Because it’s going to crack you open, showing up for someone else’s pain, sitting with their suffering as you struggle to tamp down your own.
It can’t save the ones you love most, but it is a gift, the breaking of your heart, to have loved so fiercely, to show up at their most awful moments,
not to try to fix it—because you can’t. That’s not your job. Yours is to appear, in person, if your dear one can bear the presence of your own ravaged heart,
stitched back together after so many rips in the seams. The love leaks out that way, infusing those whom you’re accompanying on this journey of
healing or decline, grief or joy. Simple old you is all that’s needed— all that you can offer anyway— your hand, your kind smile,
your patchwork quilt of a heart, which, without prompting, pumps compassion into the world with every persistent beat.

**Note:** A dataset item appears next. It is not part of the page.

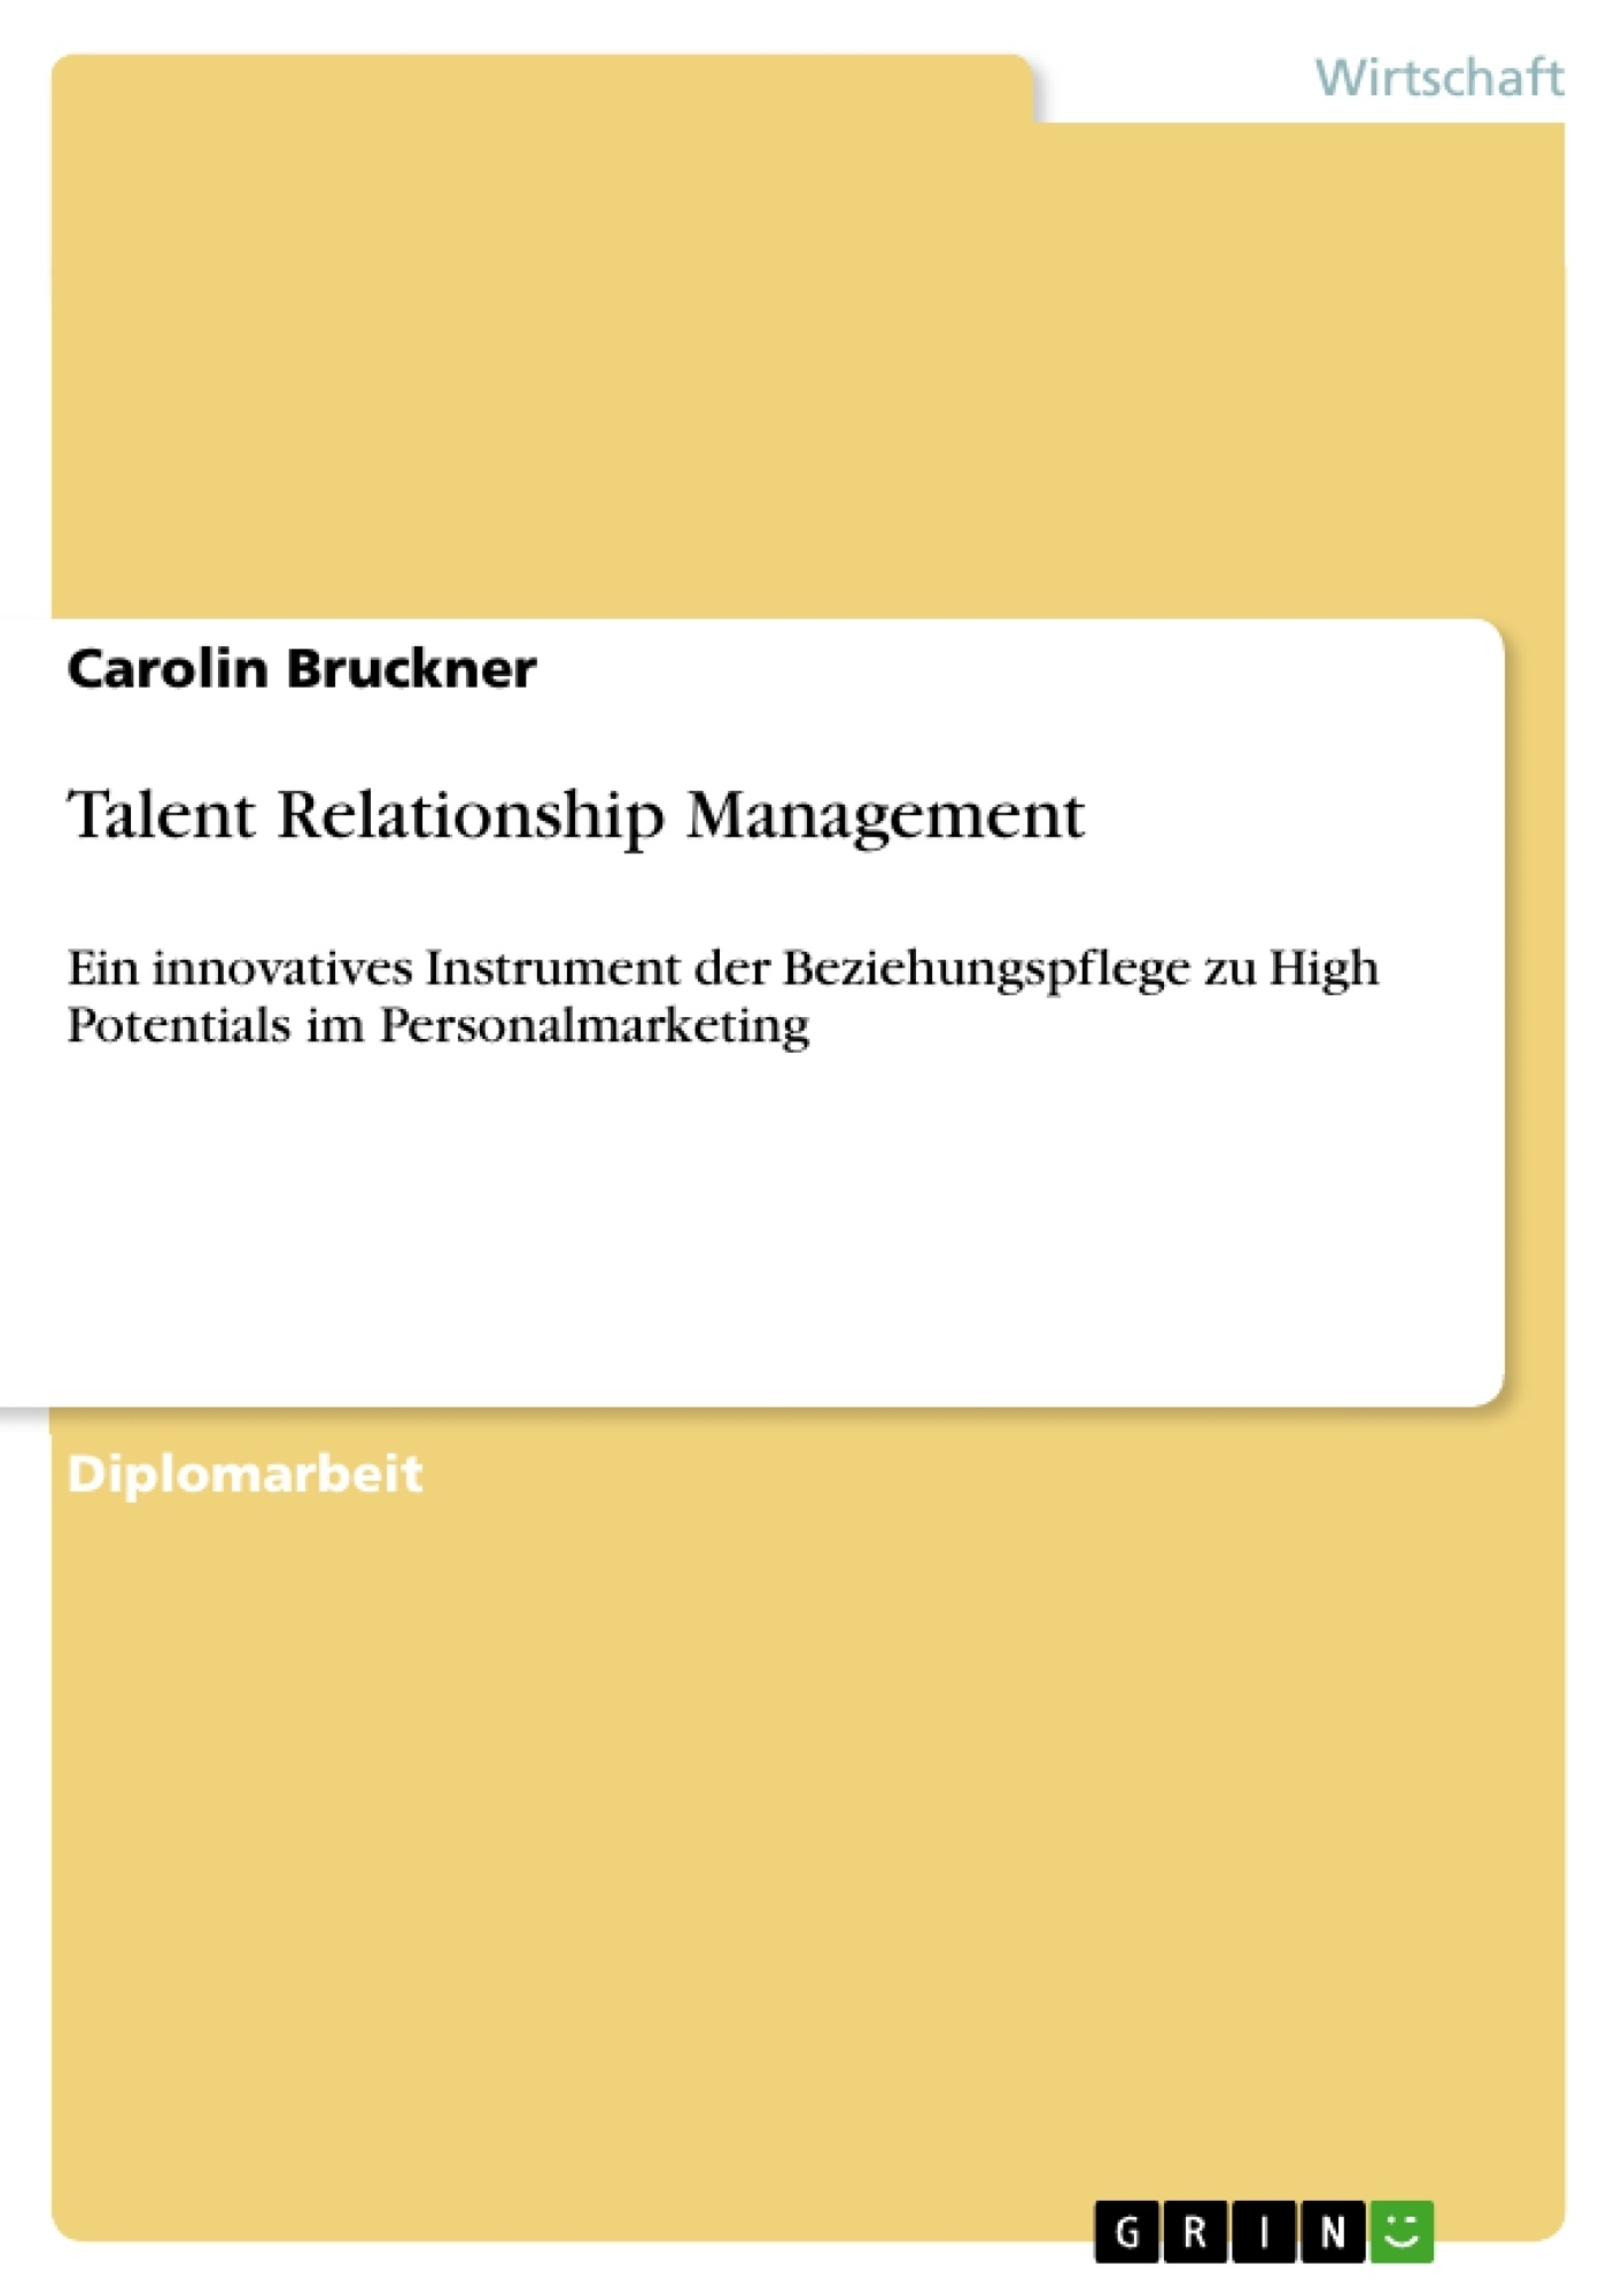 Titel: Talent Relationship Management

I do not have the heart to chase after this earlybird that zooms into the house through the open back door—because it’s far too fair out there to keep it closed.
I hear him buzzing the kitchen, though I don’t see him till I’m sitting at my desk, and he zeroes in on the light over the computer, noodling around the edge, daring to alight on the bulb, which I’d think would be awfully hot on little fly feet.

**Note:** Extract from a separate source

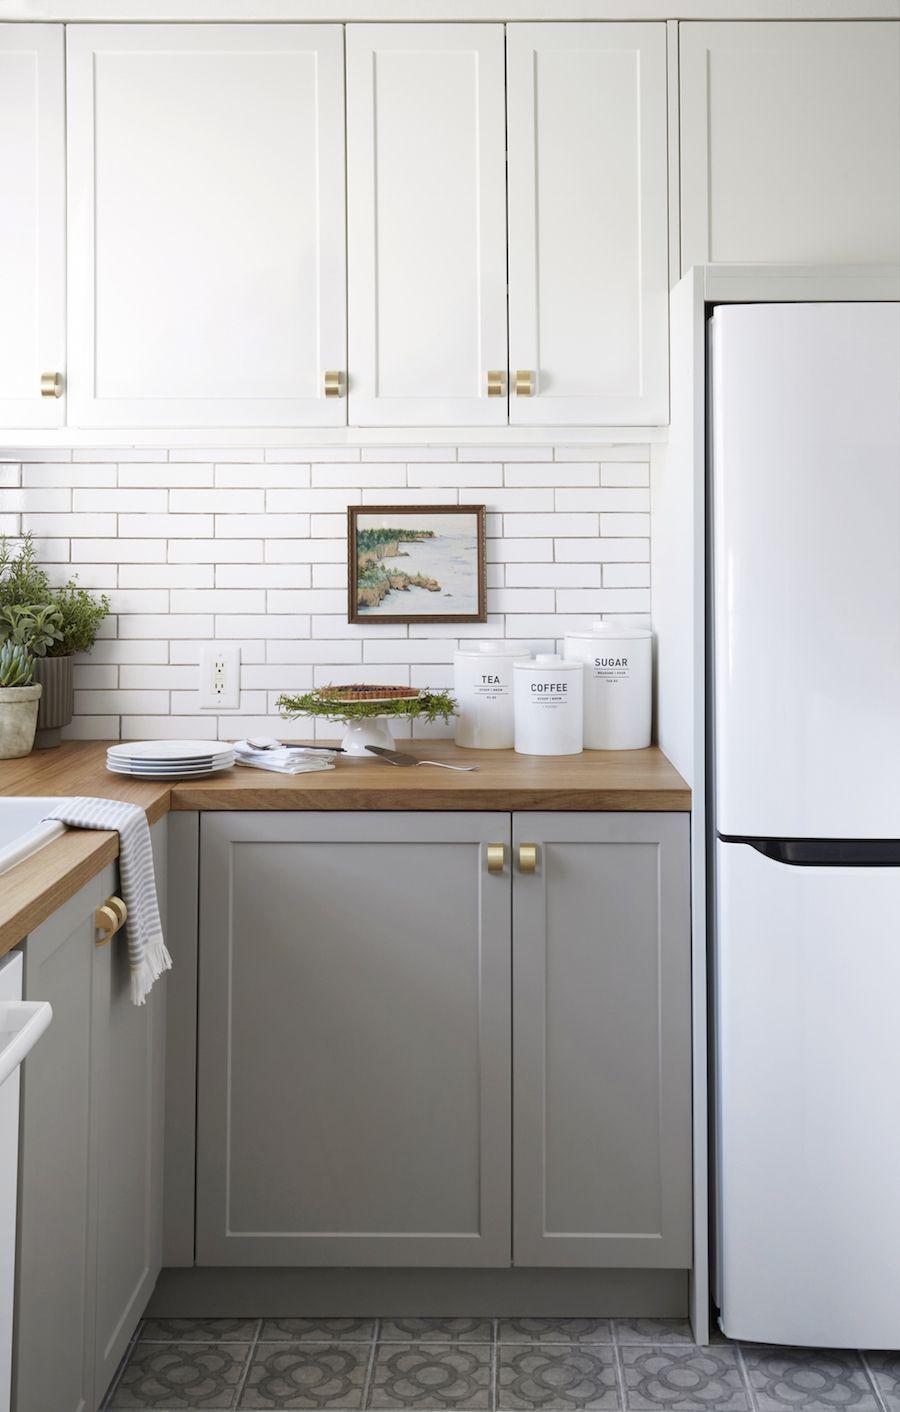 Brass kitchen cabinet knobs via studio mcgee

I know that before long I’ll be annoyed by this fly and its brethren that will follow, that I’ll be relieved when the flies disappear with the cold weather—which makes me instantly long for spring.

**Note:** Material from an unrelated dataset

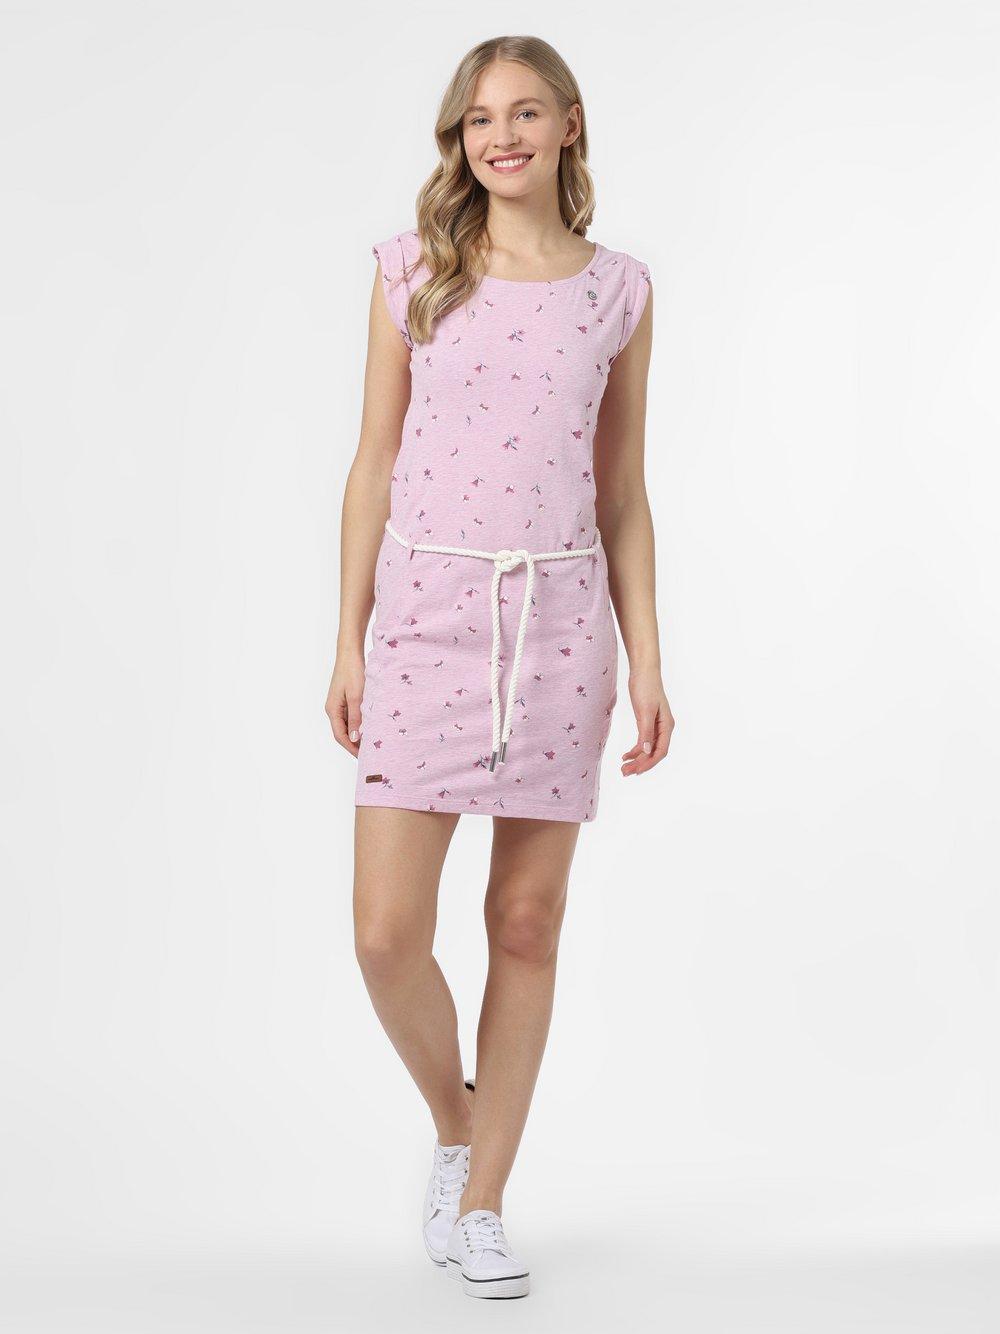 Ragwear – Sukienka damska – Tamy, różowy Van Graaf 467432-0001-09920

But flies—along with the exploding wisteria pods over the driveway, scattering their button-sized seeds all over before the purple flowers pop from the nubbins of buds—
signal spring on these sunny, green-grass and early azalea days. Even those of us who have not weathered months of ice and snow grin like little kids hunting for Easter eggs,
delighted by the discovery of the familiar reappearing. Even pesky flies like the one waltzing across the wall in front of me— onetwothree, onetwothree— exploring this strange, new land.